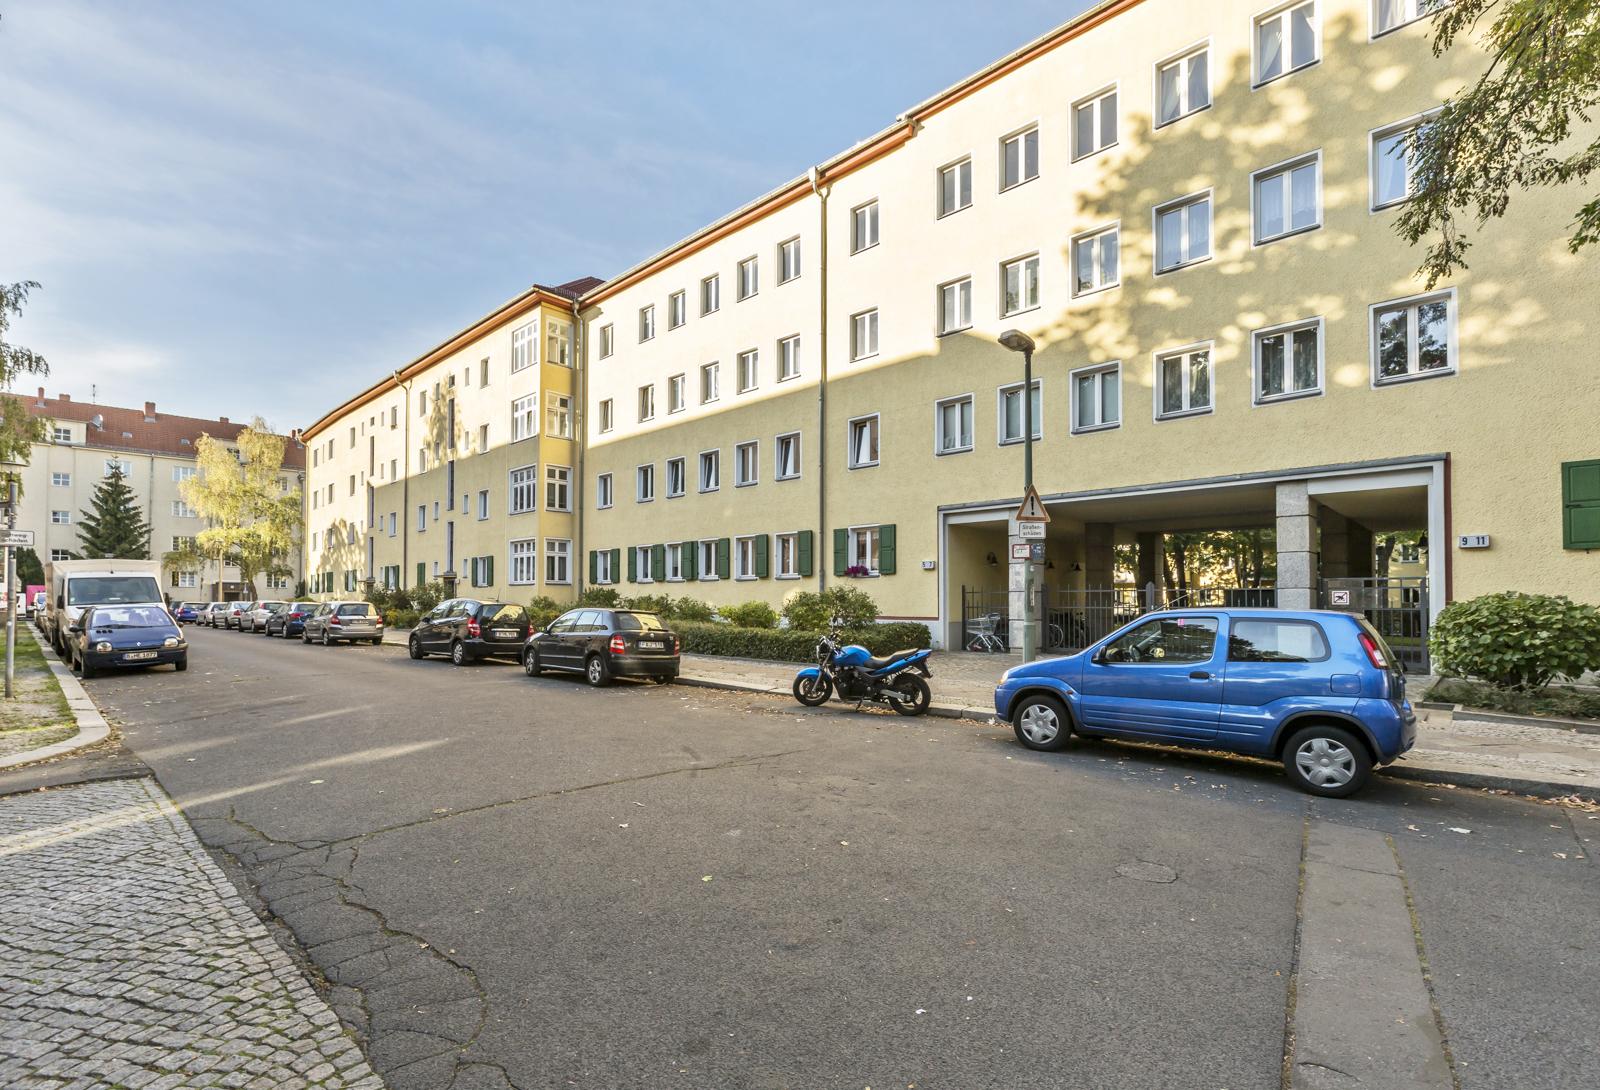 Ingo_Lawaczeck_Mähren_Lindenhoekweg_5-1
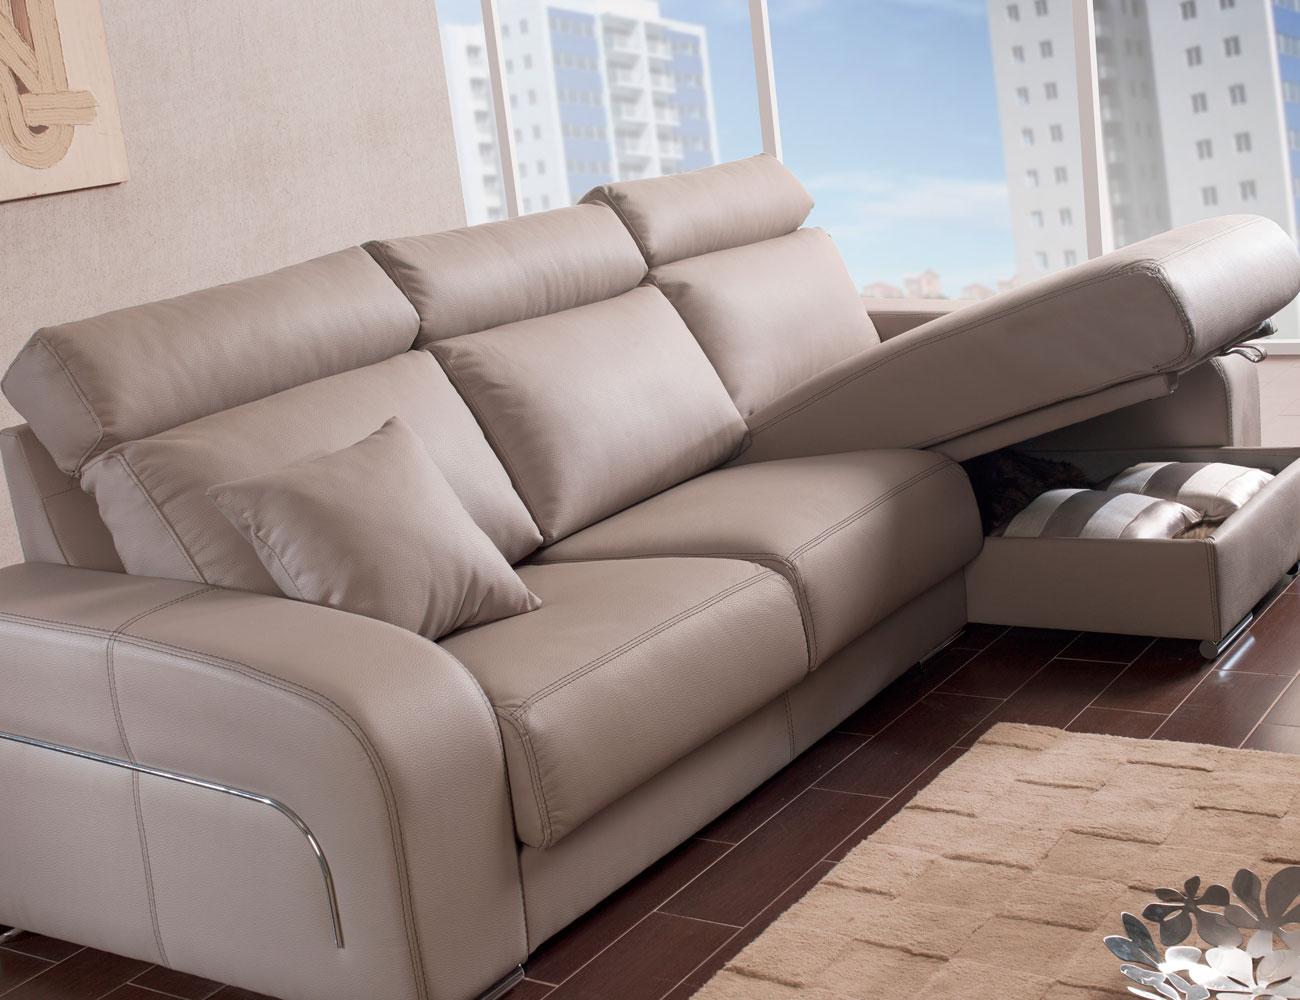 Sofa chaiselongue moderno pared cero arcon66
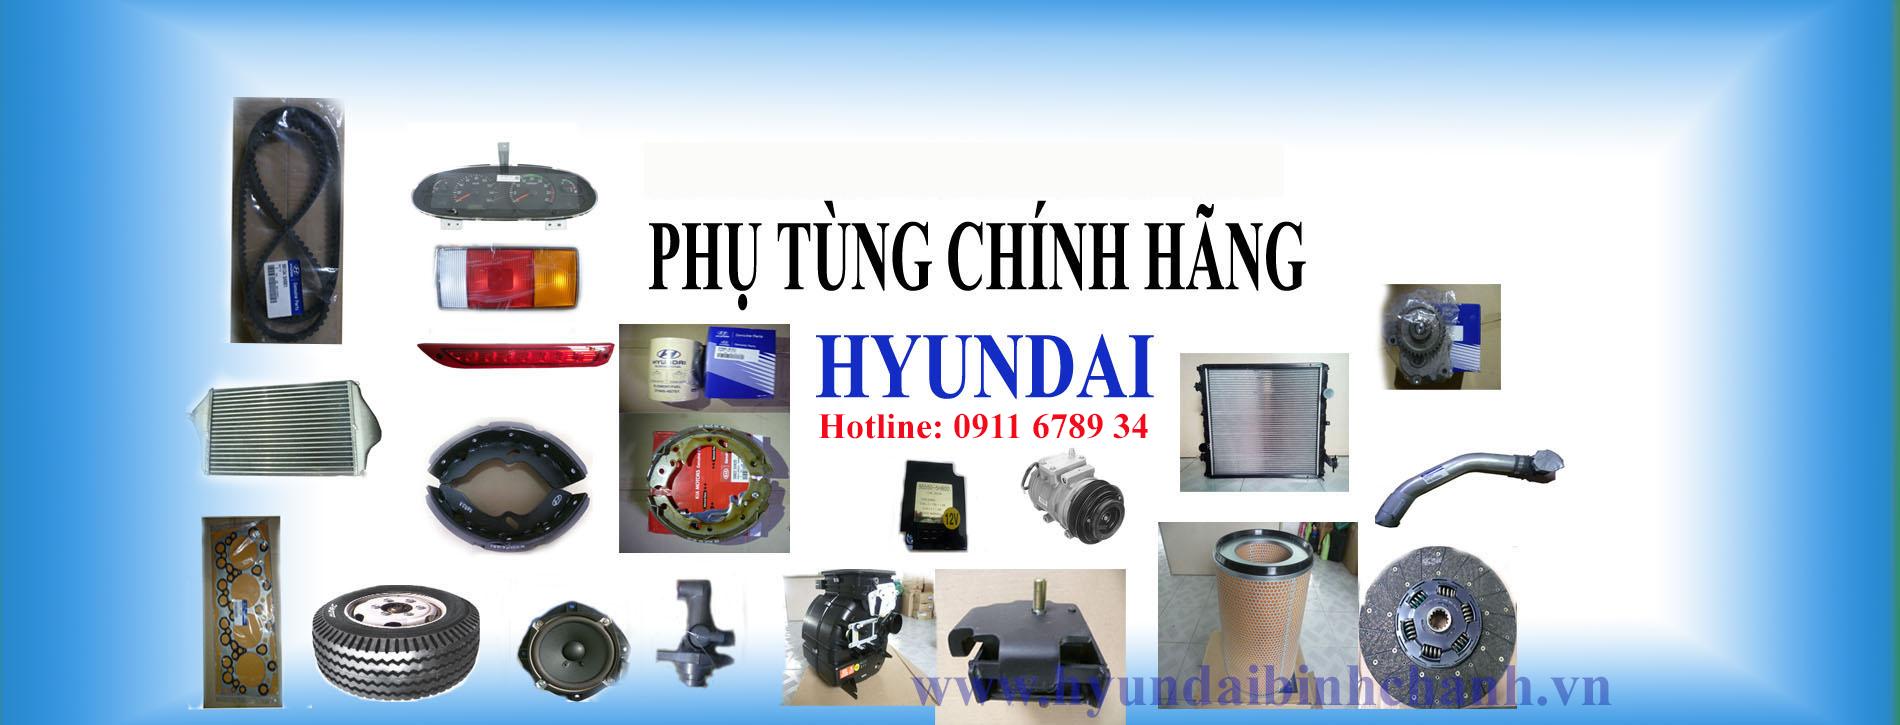 phu-tung-hyundai Phụ tùng chính hãng | Hyundai Bình Chánh

# ASSIGNMENT
Leave the pictures out. Otherwise, output the listing above exactly.

# THE COMPLETED TASK
 Ingo_Lawaczeck_Mähren_Lindenhoekweg_5-1
 Sofa chaiselongue moderno pared cero arcon66
 phu-tung-hyundai Phụ tùng chính hãng | Hyundai Bình Chánh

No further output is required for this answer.